TASK DESCRIPTION:
Give the lines again exactly as they appear below, from the line with "вопросы развития студенческого" to the line with "Ảnh chụp tập", both included, and only those lines. Leave every picture out.

ENTRIES SHOWN:
[Start of section]

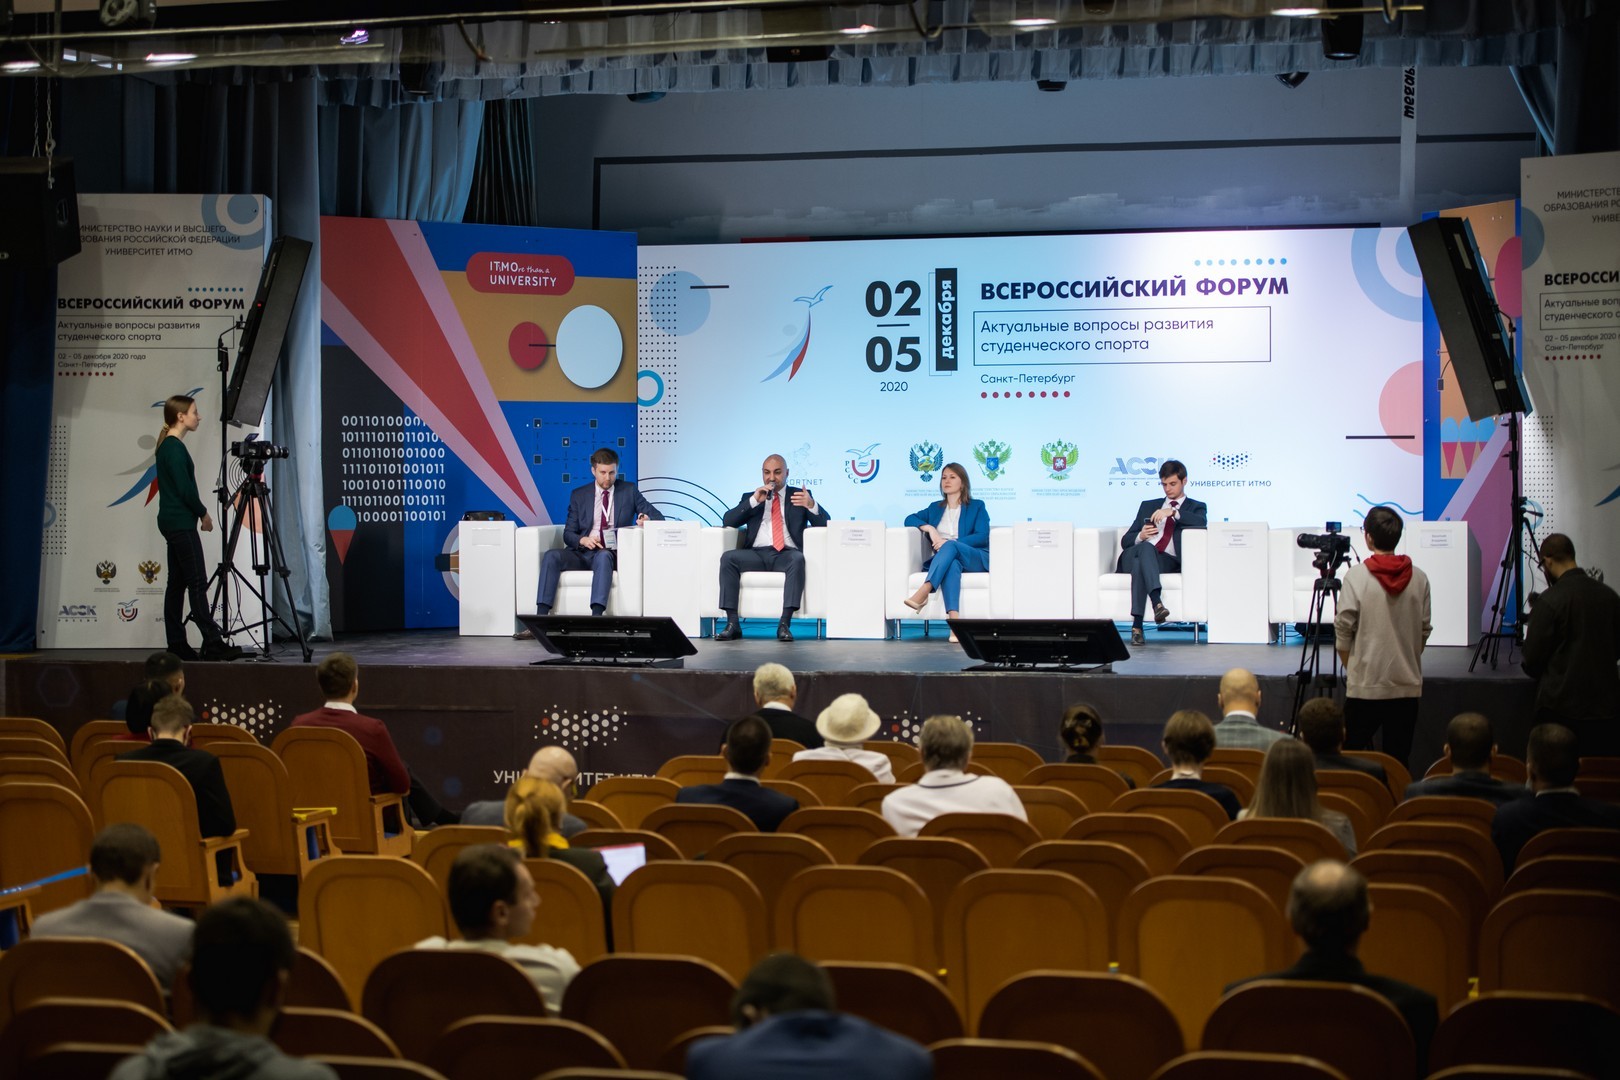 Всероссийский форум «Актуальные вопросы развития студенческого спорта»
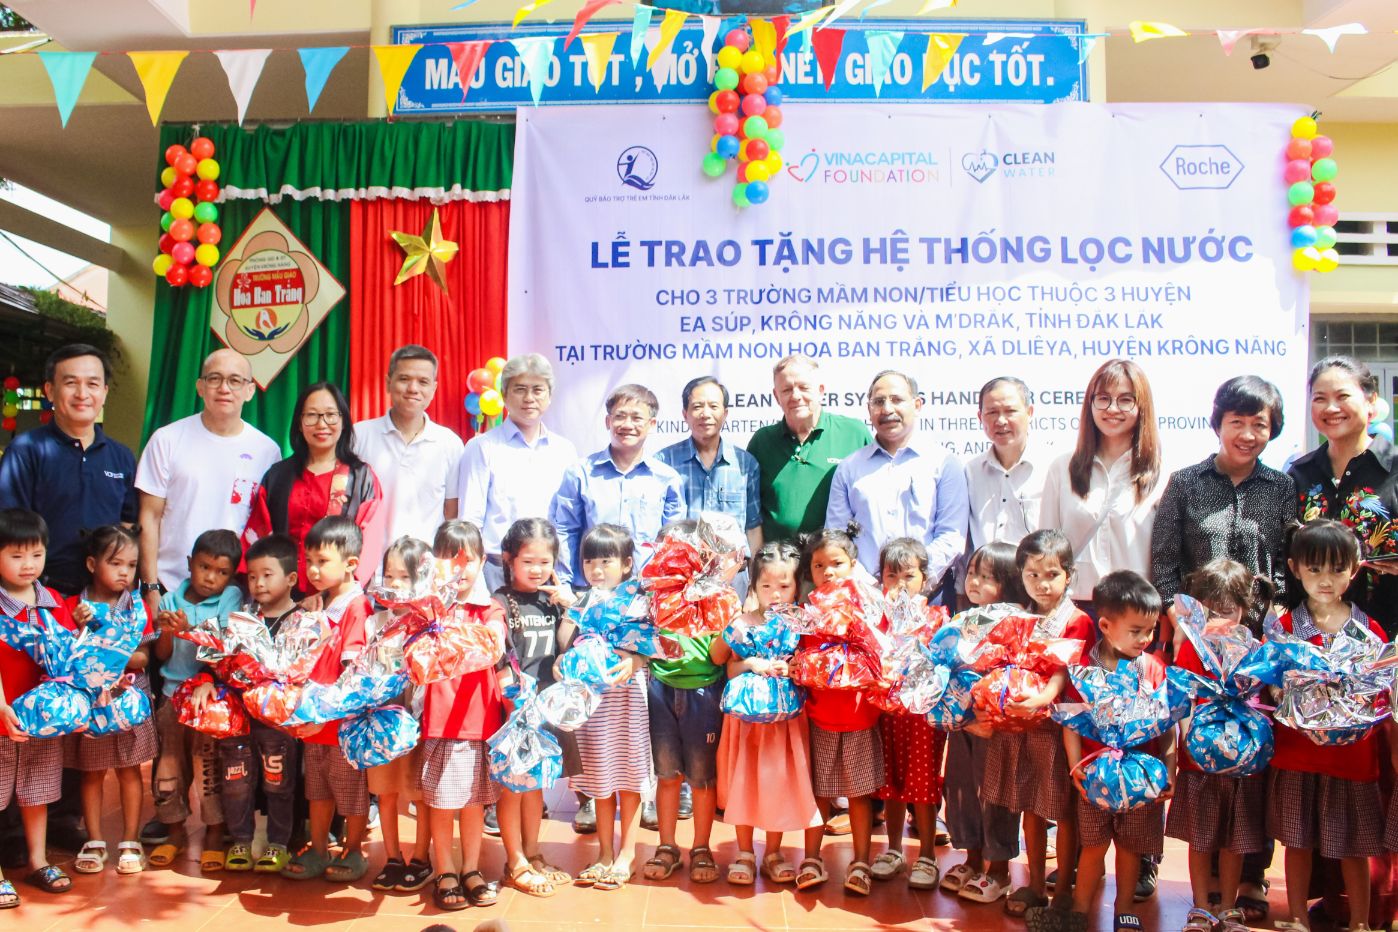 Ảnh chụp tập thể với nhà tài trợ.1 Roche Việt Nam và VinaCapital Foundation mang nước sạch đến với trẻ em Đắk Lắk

[End of section]
[Start of section]

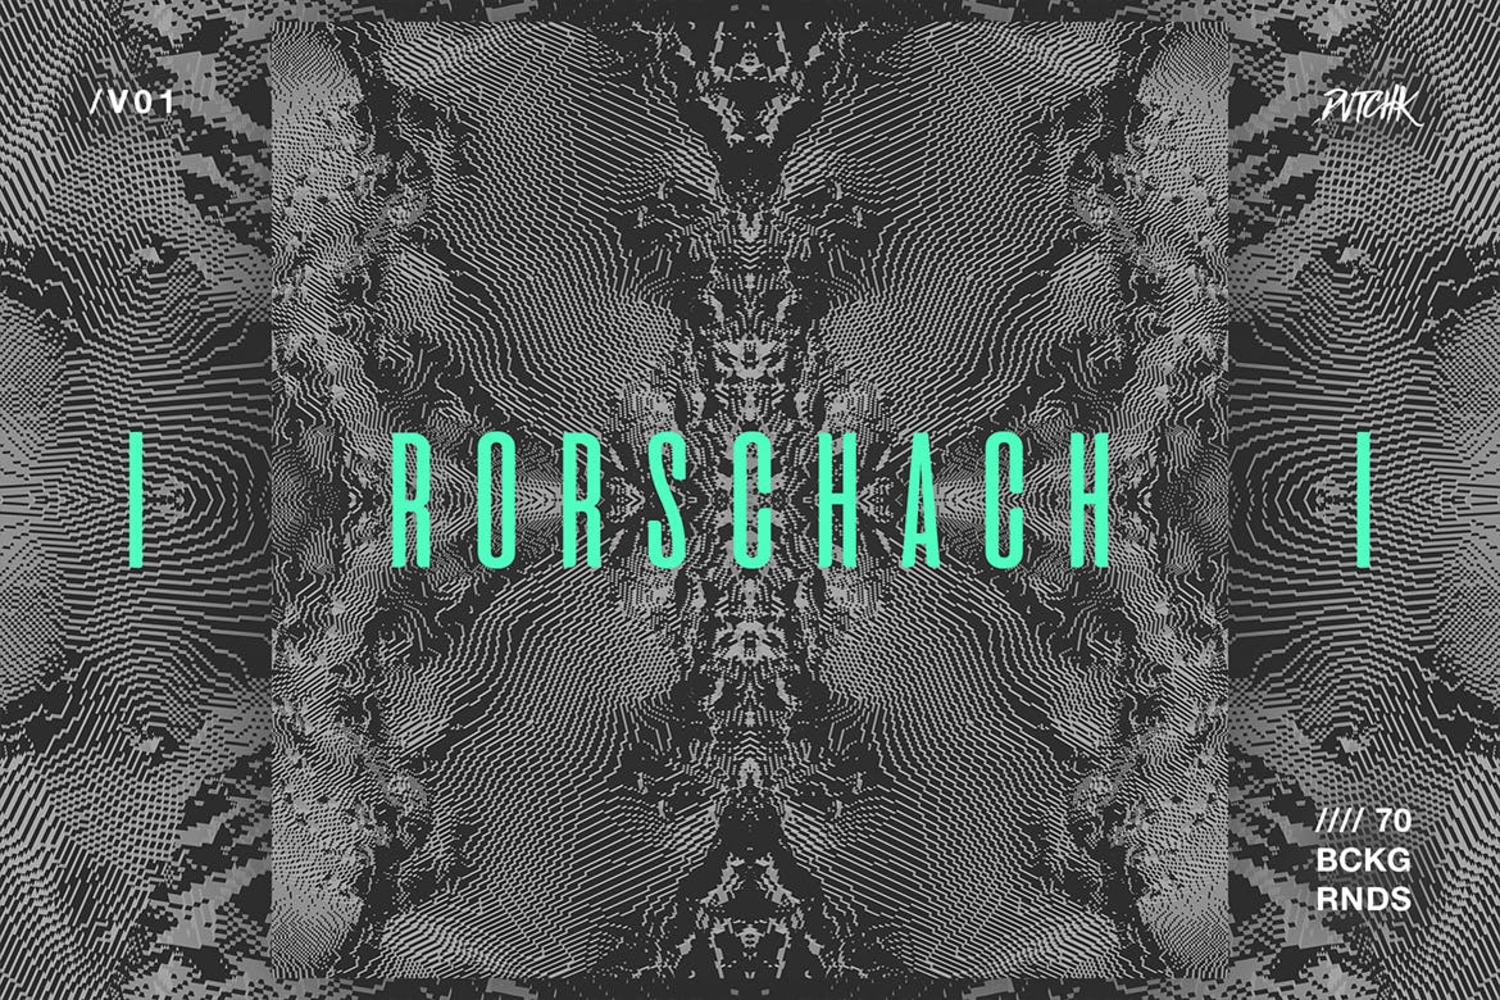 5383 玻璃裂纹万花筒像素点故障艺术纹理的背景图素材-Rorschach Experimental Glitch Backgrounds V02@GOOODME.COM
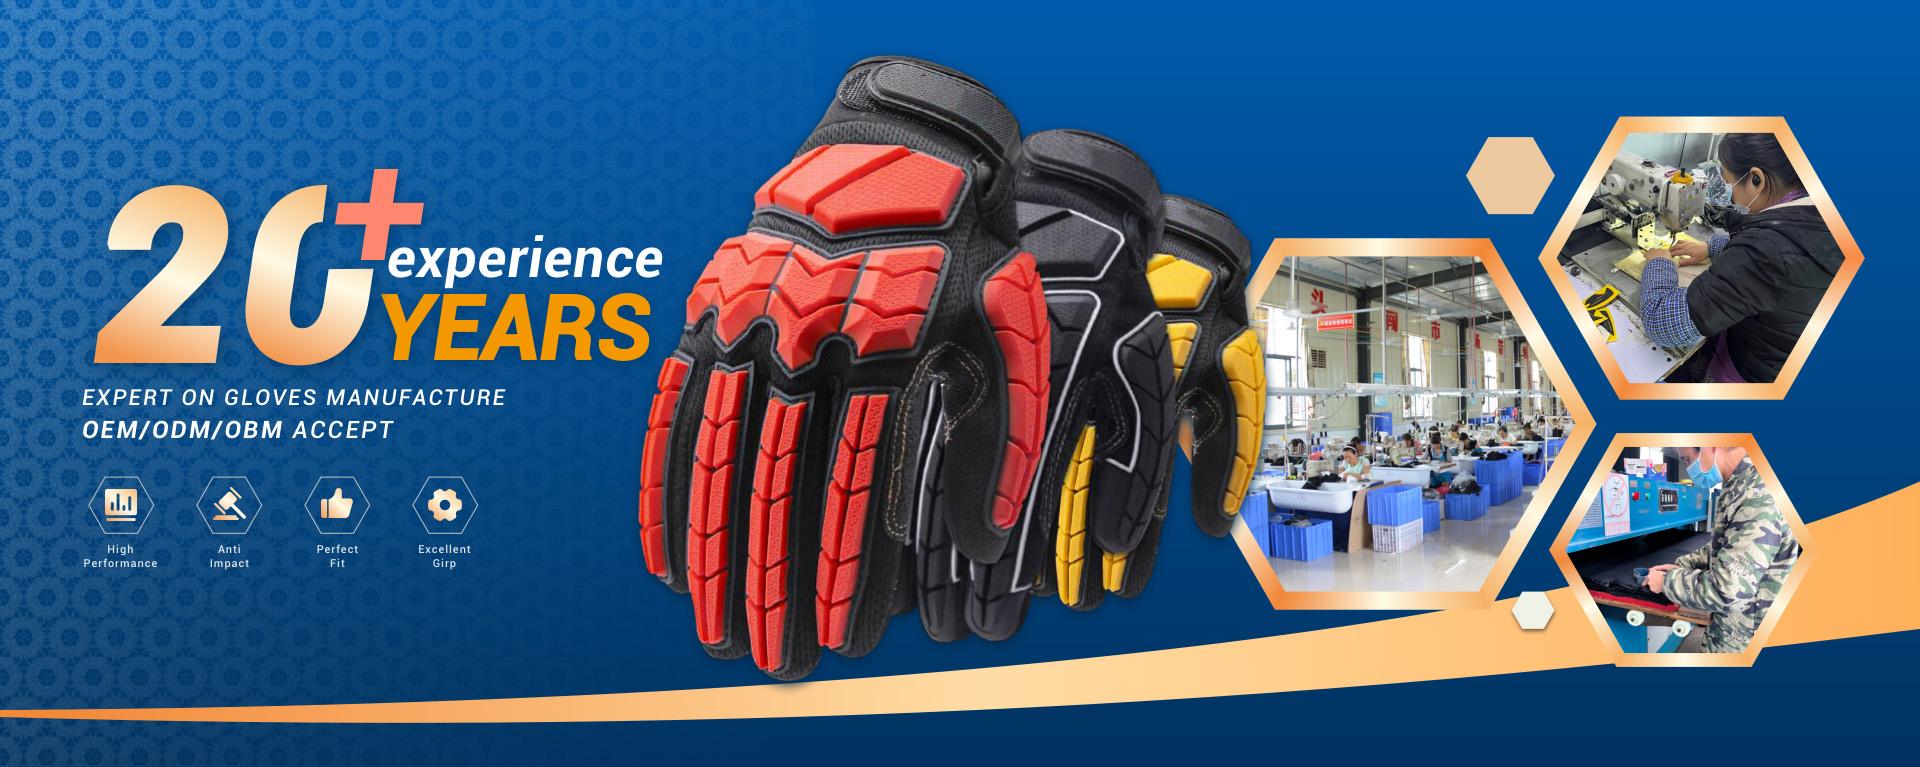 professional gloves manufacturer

[End of section]

PROBLEM SOLUTION:
 Всероссийский форум «Актуальные вопросы развития студенческого спорта»
 Ảnh chụp tập thể với nhà tài trợ.1 Roche Việt Nam và VinaCapital Foundation mang nước sạch đến với trẻ em Đắk Lắk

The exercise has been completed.